WASHINGTON — In a Senate hearing that was supposed to be about the Interior Department’s proposed $11.4 billion budget, senators instead bickered Tuesday over the question of whether President Barack Obama’s energy policies are responsible for skyrocketing gasoline prices.
One Democratic senator on the Energy and Natural Resources Committee offered Interior Secretary Ken Salazar the chance to respond to public accusations that Obama’s policies are driving up gas prices. Salazar called such accusations political posturing over an issue mostly outside of Obama’s control and a “phony debate.”
“The reality is that it’s easy to play politics with gas prices and everybody has their bumper sticker solution for what we can do with it,” he said, adding that Obama has always supported an “all-of-the-above” energy strategy that includes oil development.
Sen. John Barrasso, R-Wyo., questioned that characterization of Obama’s energy policy, citing Obama’s rejection of the Keystone XL proposal last month, the president’s decision to ban uranium mining around the Grand Canyon and increased fees on oil and gas companies that the department proposed in its budget.

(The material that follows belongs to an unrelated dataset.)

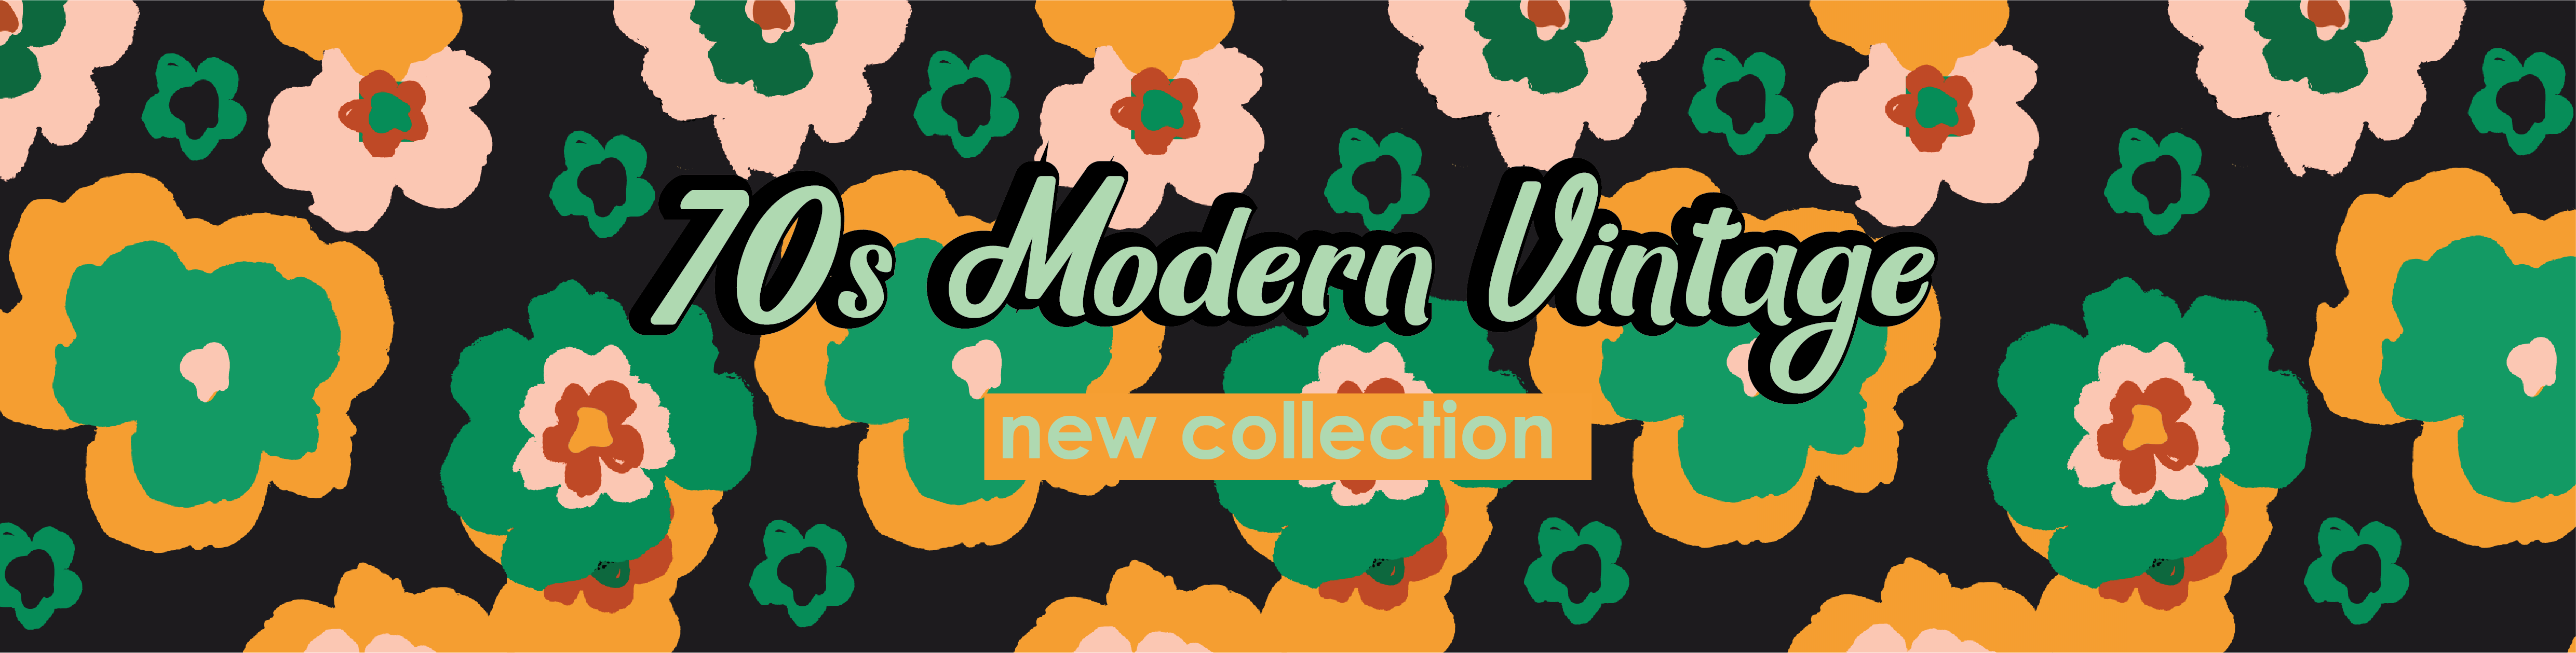 70s Modern Vintage Flower

“The president can’t have it both ways,” Barrasso said. “He can’t pursue a quote ‘all-out’ energy strategy and at the same time block production.”
His criticisms echoed those of House Republicans who two weeks ago blasted the Interior Department’s proposed budget for increasing inspection fees on oil companies. The fees are meant to fund more safety inspections.
Other senators pointed out that although U.S. oil and gas production has increased under Obama’s watch, oil and gas production on federal lands has decreased.
Salazar said the reduction in oil production was due to the Deep Water Horizon spill that temporarily shut down oil production in the Gulf of Mexico.
But both he and Democratic senators said that domestic energy policy has little bearing on gasoline prices.
Sen. Jeff Bingaman, D-N.M., chairman of the Senate Committee on Energy and Natural Resources, noted that oil prices have fluctuated spastically in the last two decades despite relatively stable domestic oil production, citing data from the Energy Information Administration.
Gas prices are determined more by global factors and stability in the Middle East than Obama’s policies, Salazar said, noting that U.S. dependence on foreign oil has decreased since Obama took office.
Sen. Dean Heller, R-Nev., questioned Salazar’s leadership, pointing out that when Salazar was a senator he once said he would never vote for offshore drilling even if gasoline prices reached $10 a gallon.
“We’re halfway there,” Heller said. “Are we at some point to believe under your leadership that gas prices will reach $10 a gallon?”
Salazar said the Interior Department will continue to develop offshore drilling.
When Heller questioned him again about his statements as a senator, Salazar said, “At the time, it was a political statement.”